◆ **Work instructions**: Write out, word for word and with no pictures, each line below from the one containing "Boston gear 5k32en72a" through the one containing "Paisaje Sonoro: Cascada de Agua (SP)", both included, and no other line.

◆ **Exercise data**:
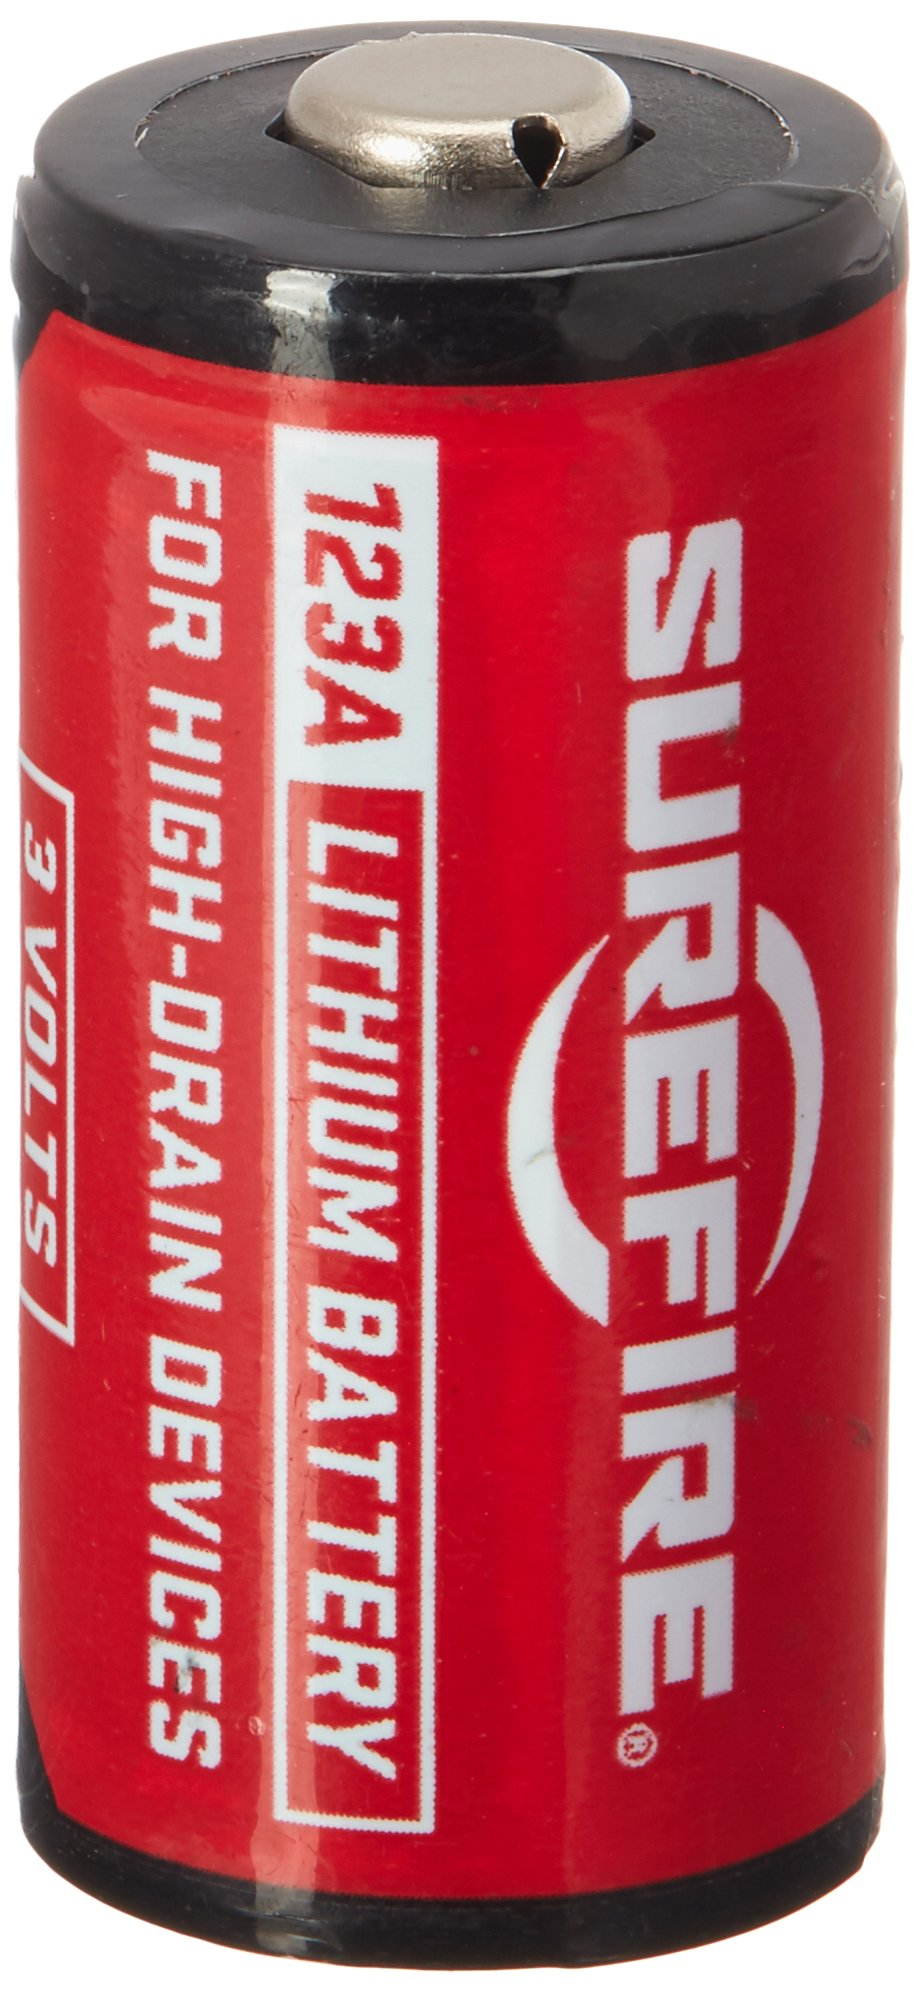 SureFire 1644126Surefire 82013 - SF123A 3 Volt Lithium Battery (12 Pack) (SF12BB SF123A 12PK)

...

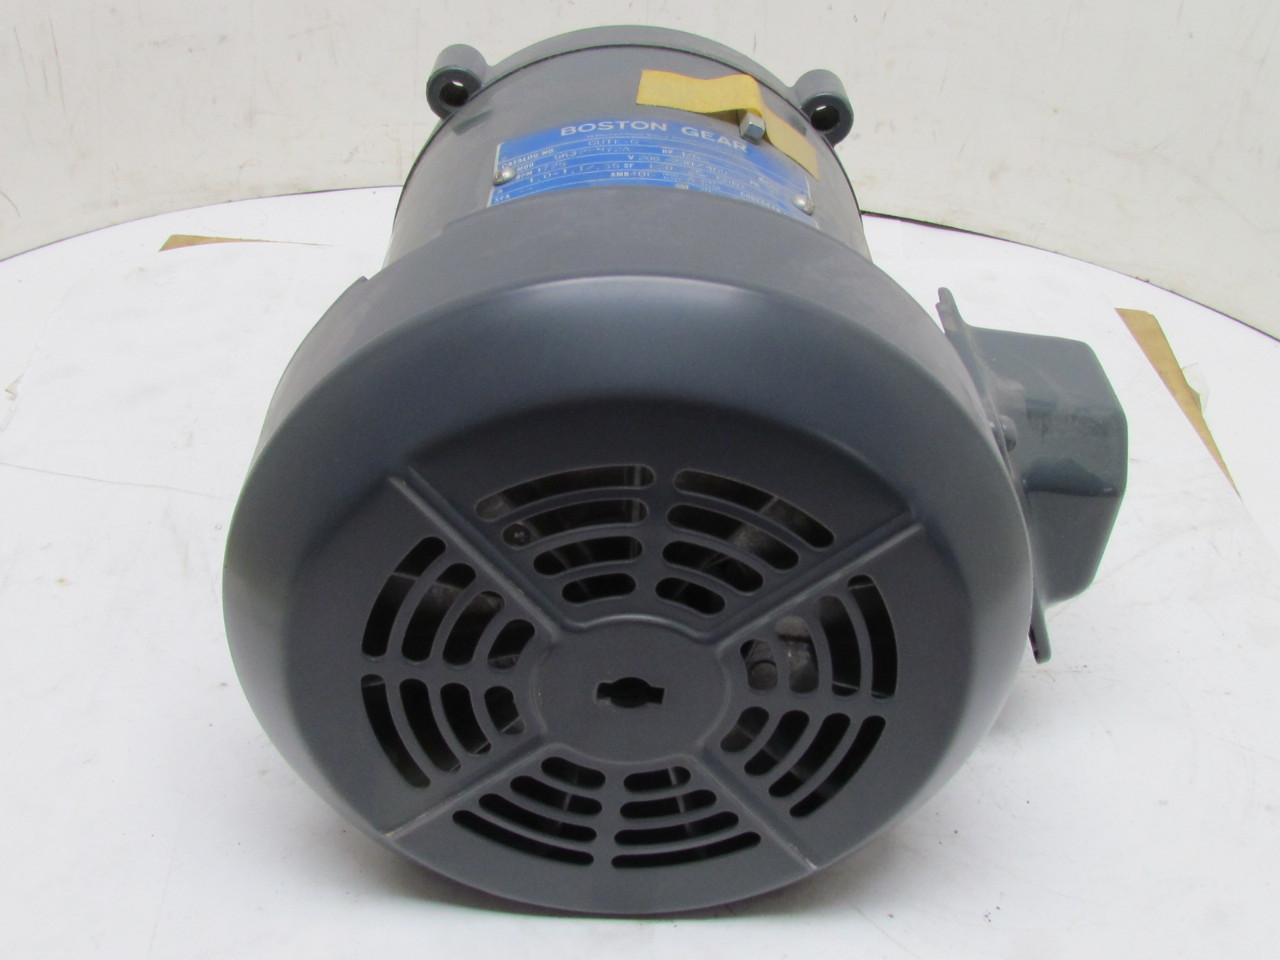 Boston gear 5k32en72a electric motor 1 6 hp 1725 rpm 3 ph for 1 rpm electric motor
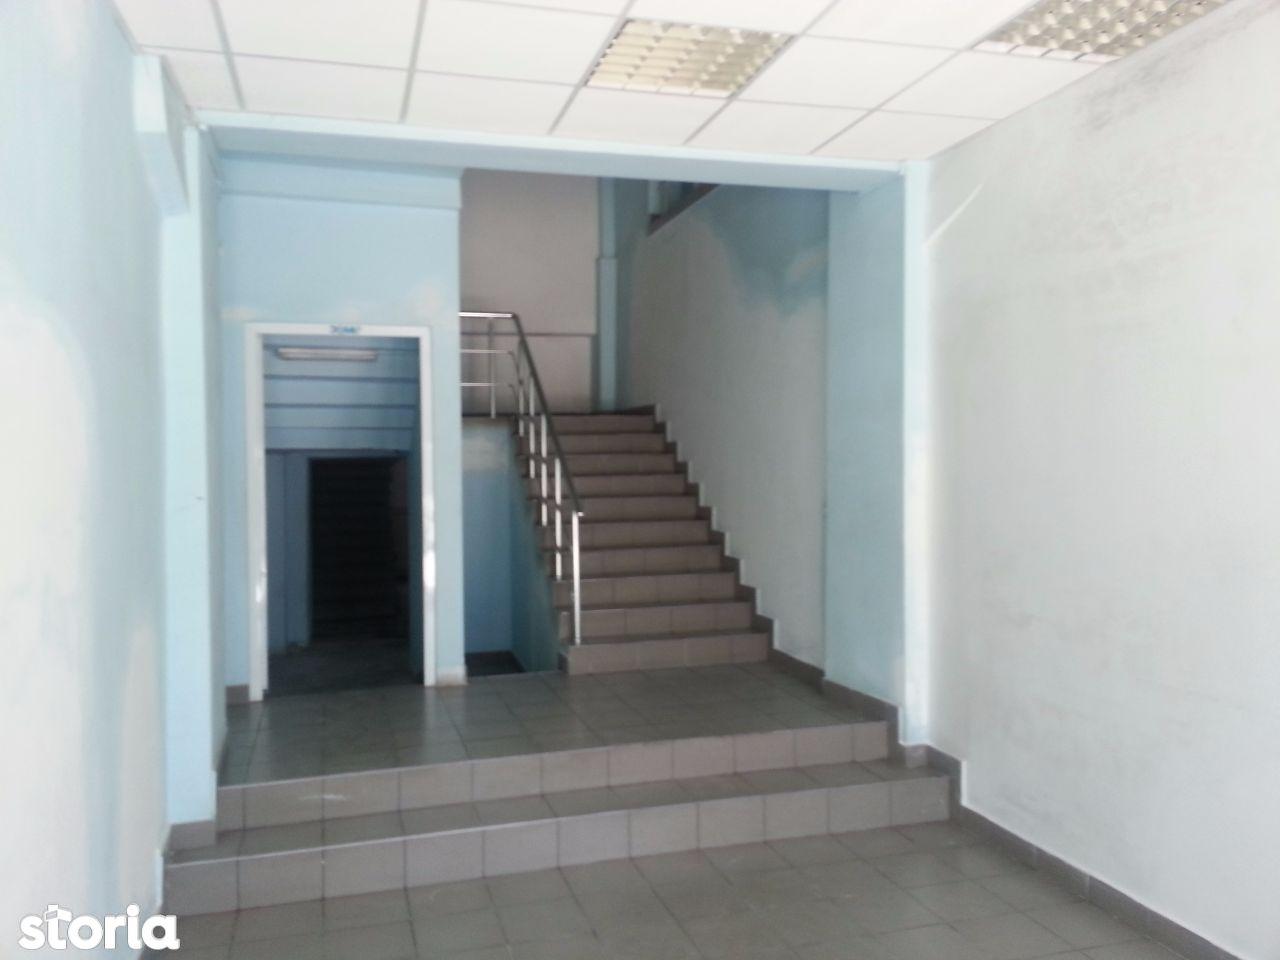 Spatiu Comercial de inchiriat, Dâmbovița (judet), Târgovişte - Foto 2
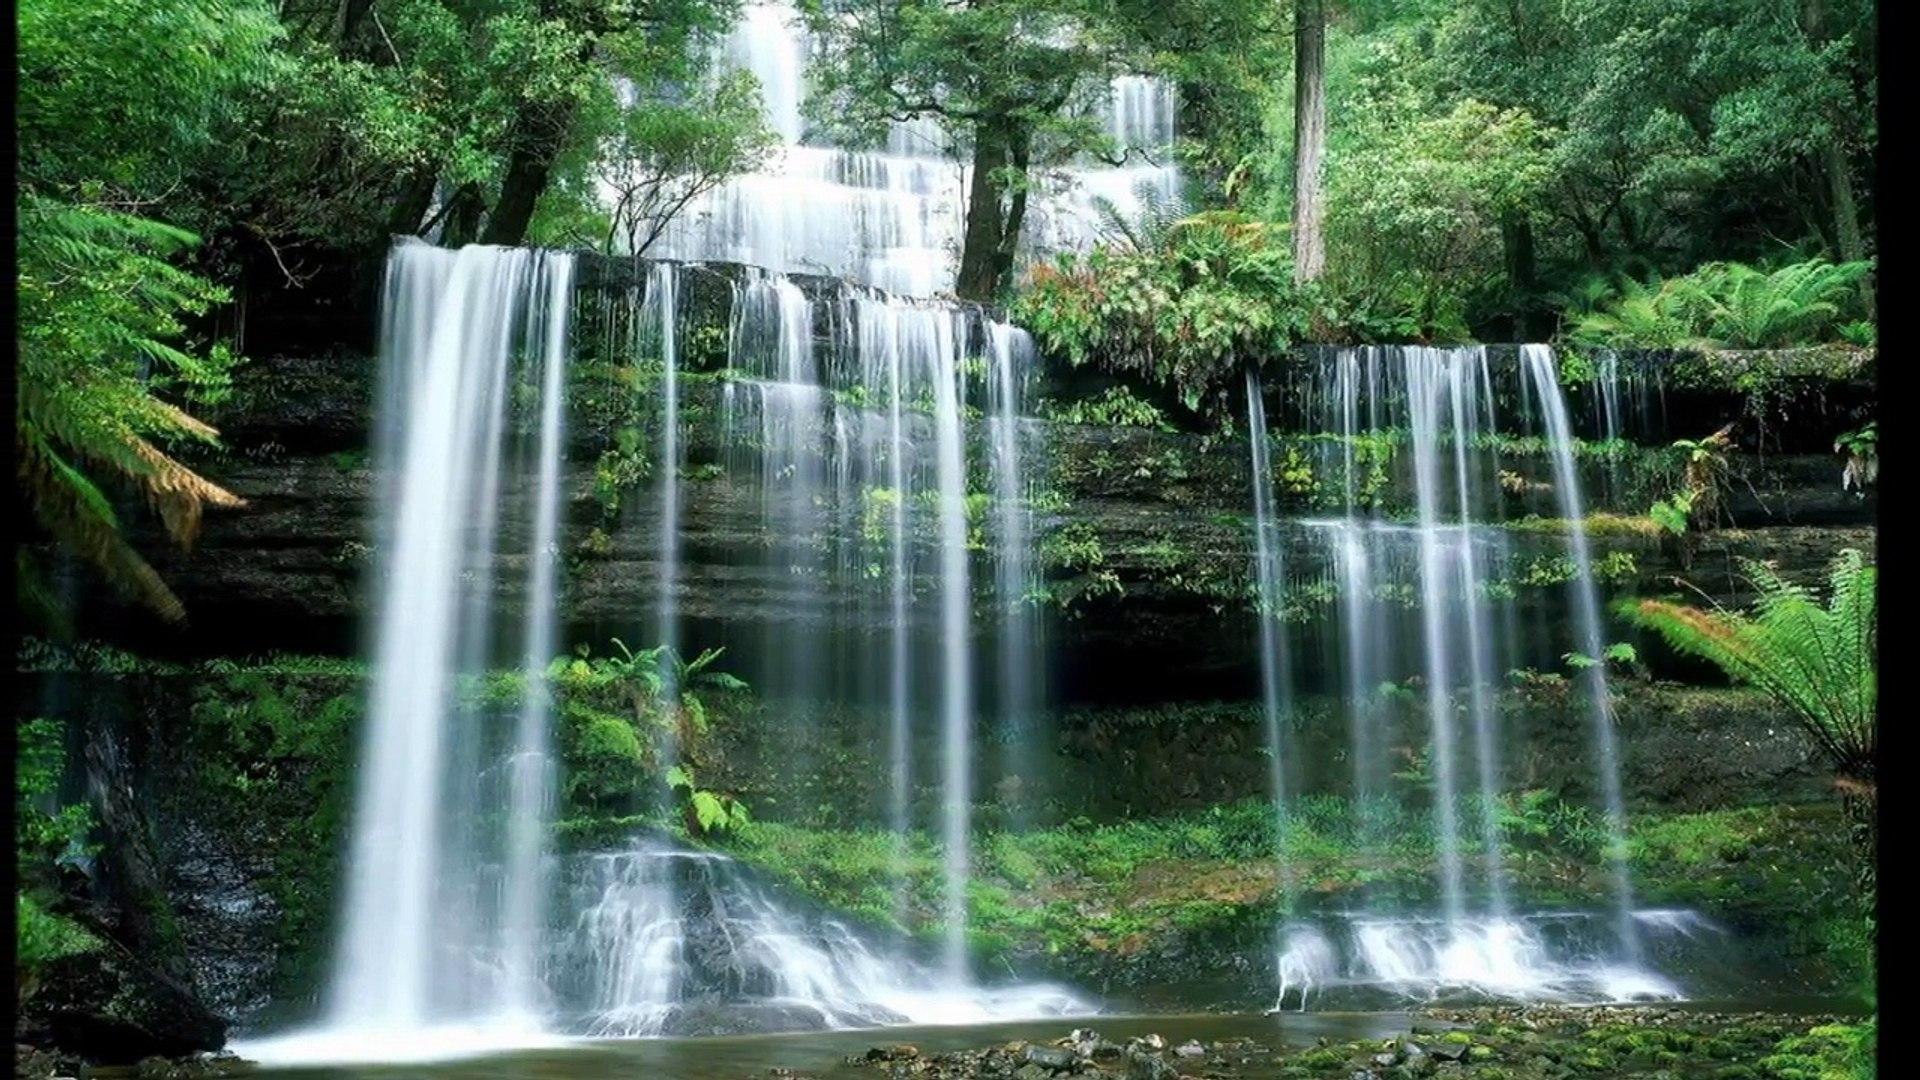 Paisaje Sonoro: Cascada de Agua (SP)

◆ **Answer space**:
 Boston gear 5k32en72a electric motor 1 6 hp 1725 rpm 3 ph for 1 rpm electric motor
 Spatiu Comercial de inchiriat, Dâmbovița (judet), Târgovişte - Foto 2
 Paisaje Sonoro: Cascada de Agua (SP)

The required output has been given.